Less aggressive intervention is increasingly the preferred approach to surgery in this patient population. That shift is supported by studies showing that lung-sparing pleurectomy-decortication (P/D) resulted in less morbidity and potentially better survival outcomes than extrapleural pneumonectomy (EPP), according to Andreas Rimner, MD, associate attending physician and director of thoracic radiation oncology research at Memorial Sloan Kettering Cancer Center in New York.

However, it is more challenging to deliver radiotherapy safely in patients who have undergone P/D as compared with patients who have undergone EPP, according to Dr. Rimner.

“When there’s no lung in place [as in EPP], it’s pretty simple – you just treat the entire empty chest to kill any microscopic cells that may still be left behind,” he said in an interview. “But now we have a situation where both lungs are still in place, and they are very radiation sensitive, so that’s not an easy feat.”

Driven by the limitations of conventional radiation, Dr. Rimner and colleagues developed a novel technique known as hemithoracic intensity-modulated pleural radiation therapy (IMPRINT) that allows more precise application of radiotherapy.

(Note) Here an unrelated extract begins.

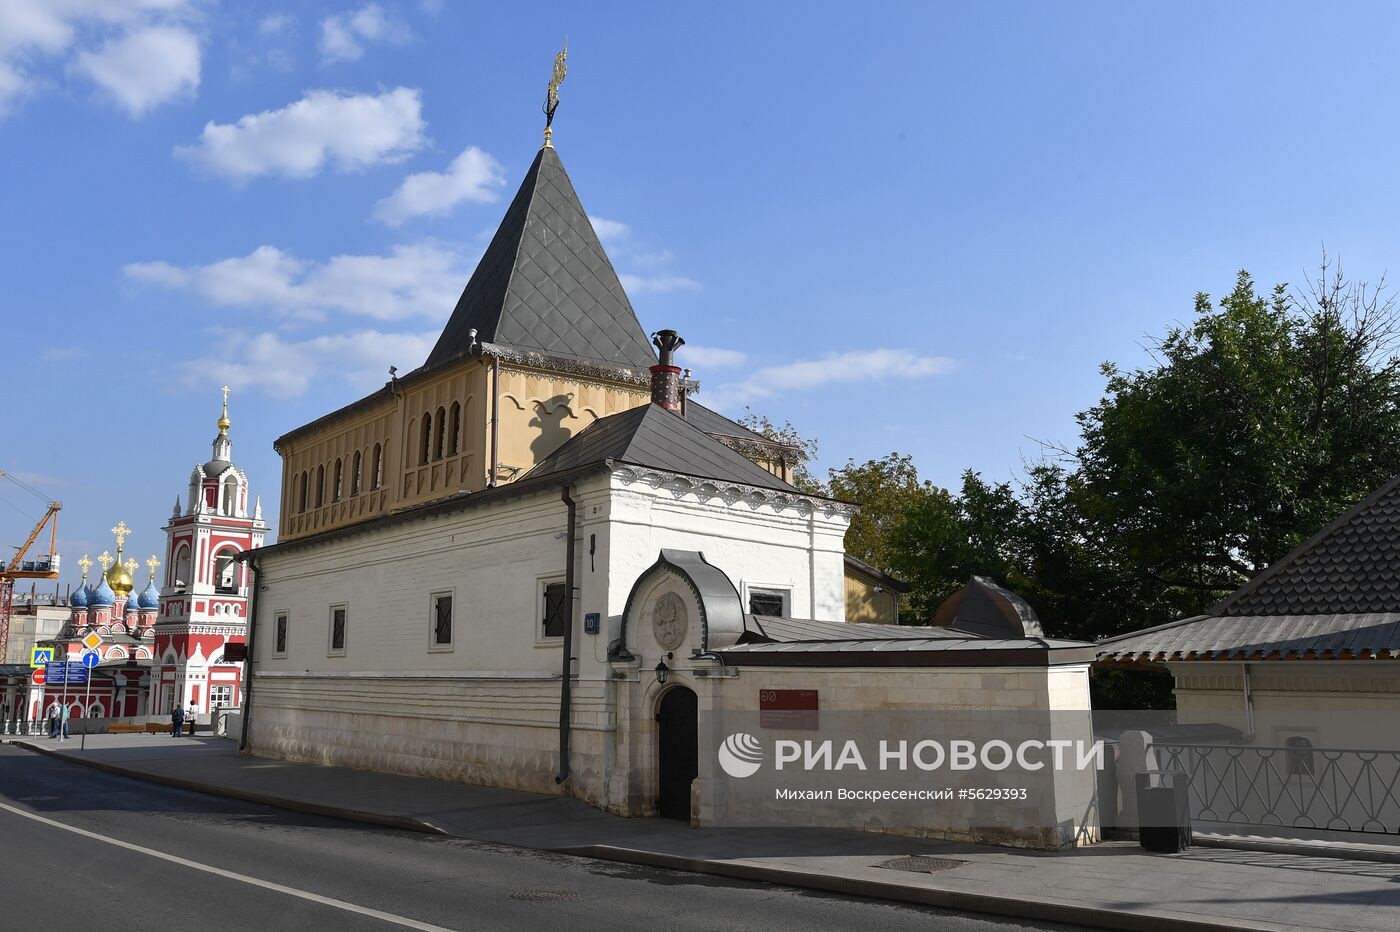 Открытие музея "Палаты бояр Романовых" после реставрации

In a phase 2 study published in 2016, IMPRINT was found to be safe, with an acceptable rate of radiation pneumonitis (30% grade 2 or 3), according to investigators.7

Subsequent studies have demonstrated encouraging clinical outcomes, including a 20.2-month median OS for IMPRINT versus 12.3 months for conventional adjuvant radiotherapy in a retrospective study of 209 patients who underwent P/D between 1975 and 2015.8 Those findings led to the development of a phase 3 trial known as NRG-LU006 that is evaluating P/D plus chemotherapy with or without adjuvant IMPRINT in an estimated 150 patients. The study has a primary endpoint of OS, and an estimated primary completion date in July 2025, according to ClinicalTrials.gov.

Dr. Rimner said he’s optimistic about the prospects of this study, particularly with recently published results of a phase 3 study in which Italian investigators demonstrated an OS benefit of IMPRINT over palliative radiation in patients with nonmetastatic MPM.9

“That’s more data and rationale that shows there is good reason to believe that we are adding something here with this radiation technique,” said Dr. Rimner.

Dr. Fontaine, the thoracic surgeon and mesothelioma research head at Moffitt Cancer Center, said he’s hoping to see a substantial impact of IMPRINT on disease-free survival (DFS) once results of NRG-LU006 are available.

“I think DFS plays a role that we’ve underestimated over the last few years for sure,” he said.

For a patient with MPM, a short DFS can be anxiety provoking and may have negative impacts on quality of life, even despite a long OS, he explained.

“In terms of your outlook on life, how many times you have to go see a doctor, and how you enjoy life, there’s a big difference between the two,” he said.

Dr. Tsao provided disclosures related to Ariad, AstraZeneca, BMS, Boehringer Ingelheim, Eli Lilly, EMD Serono, Epizyme, Genentech, Huron, Merck, Millennium, Novartis, Polaris, Roche, Seattle Genetics, SELLAS Life Sciences Group, and Takeda. Dr. Fontaine reported no relevant disclosures. Dr. Rimner reported disclosures related to Bristol-Myers Squibb, GE Healthcare, Varian Medical Systems, and Boehringer Ingelheim.